Matthias Schmelzer: The book grew out of my master’s thesis at Humboldt University. The political context was quite significant—it was right after the 2008 financial crash. I was politically involved in the anti-globalization protests, particularly with a transnational network called ATTAC, which organized demonstrations in several European countries and around the world against financial capitalism and austerity.
From that experience, I became interested in the deeper historical roots of the crisis and the specific form it took. As a historian, I wanted to analyze neoliberalism as a historical project. I had first learned about the Mont Pèlerin Society (MPS), the organized collective of neoliberals on whom I focus, while studying at Berkeley with Gillian Hart, and then I connected with Dieter Plehwe in Berlin, who was already working on the Society. We formed a working group with other scholars and spent several years studying neoliberalism through the lens of this network of intellectuals, think-tank entrepreneurs, and capitalists centered around Friedrich Hayek, Ludwig von Mises, and Milton Friedman, who had called themselves neoliberals since the 1930s and held annual meetings from 1947 onwards until today.

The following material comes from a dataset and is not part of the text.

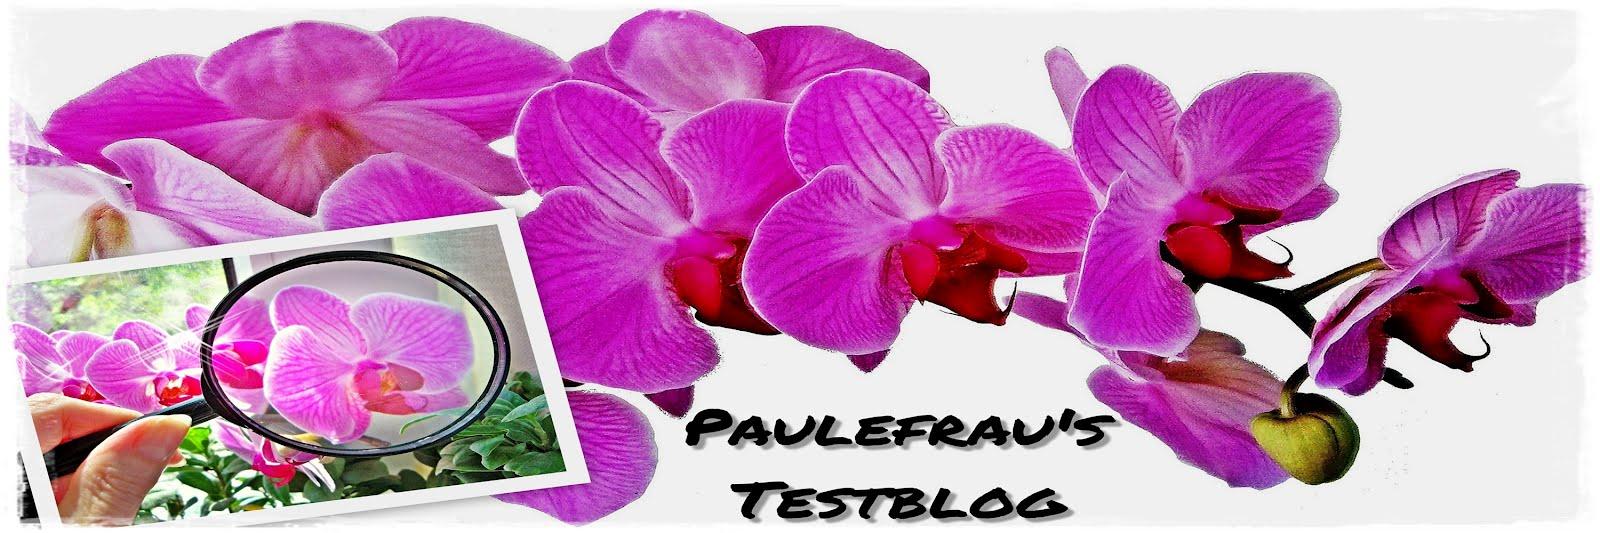 Paulefrau´s Testblog

What I found most fascinating in the archives—especially in the one in Ghent, where records of the Society’s meetings are stored—were the internal divisions within this network or thought collective. The central controversy was a technical but deeply consequential issue: what kind of monetary system to support as an alternative to the Bretton Woods system.
From the Great Depression until well into the 1960s, most economists and policymakers saw free markets for international capital and currency flows as far too destabilizing for a robust and well-functioning capitalism. But those neoliberals within and around the MPS disagreed, and the Bretton Woods order of fixed but adjustable exchange rates and strict capital controls was a major irritant to them. In their eyes, capital and exchange controls counted among the gravest threats not only to the market system but to Western civilization itself.
Zooming in on the debates and activities of this network, I argue that neoliberals deliberately sought to unleash capital against democracy. They set out to use financial deregulation and capital flows to discipline, limit and ultimately frustrate all forms of democratic decision-making at odds with the requirements of markets and profits. The book thus analyses the origins of the contemporary deregulated financial system—of flexible exchange rates and free capital flows—that continues to bring the global economy to the brink of collapse.
AA: Can you elaborate on the significance of this idea of floating exchange rates? It was a controversial topic inside the Mont Pèlerin Society, and support for it was uncommon among neoliberals and indeed anyone at the time. Could you walk us through why it became such a defining issue, and how one position came to dominance?
MS: Exchange rates, whether fixed or floating, describe how the value of one country’s currency is determined in relation to others. Under a fixed exchange rate system, like the one created at Bretton Woods in 1944, governments pledged to keep their currencies stable relative to the U.S. dollar, which itself was pegged to gold. This arrangement offered stability in international trade and finance by reducing uncertainty around exchange rates. In contrast, a floating exchange rate system allows currency values to fluctuate according to market forces such as supply and demand, without direct government intervention. Following the collapse of Bretton Woods in the early 1970s, most countries adopted floating exchange rates, marking a significant shift in the global monetary order.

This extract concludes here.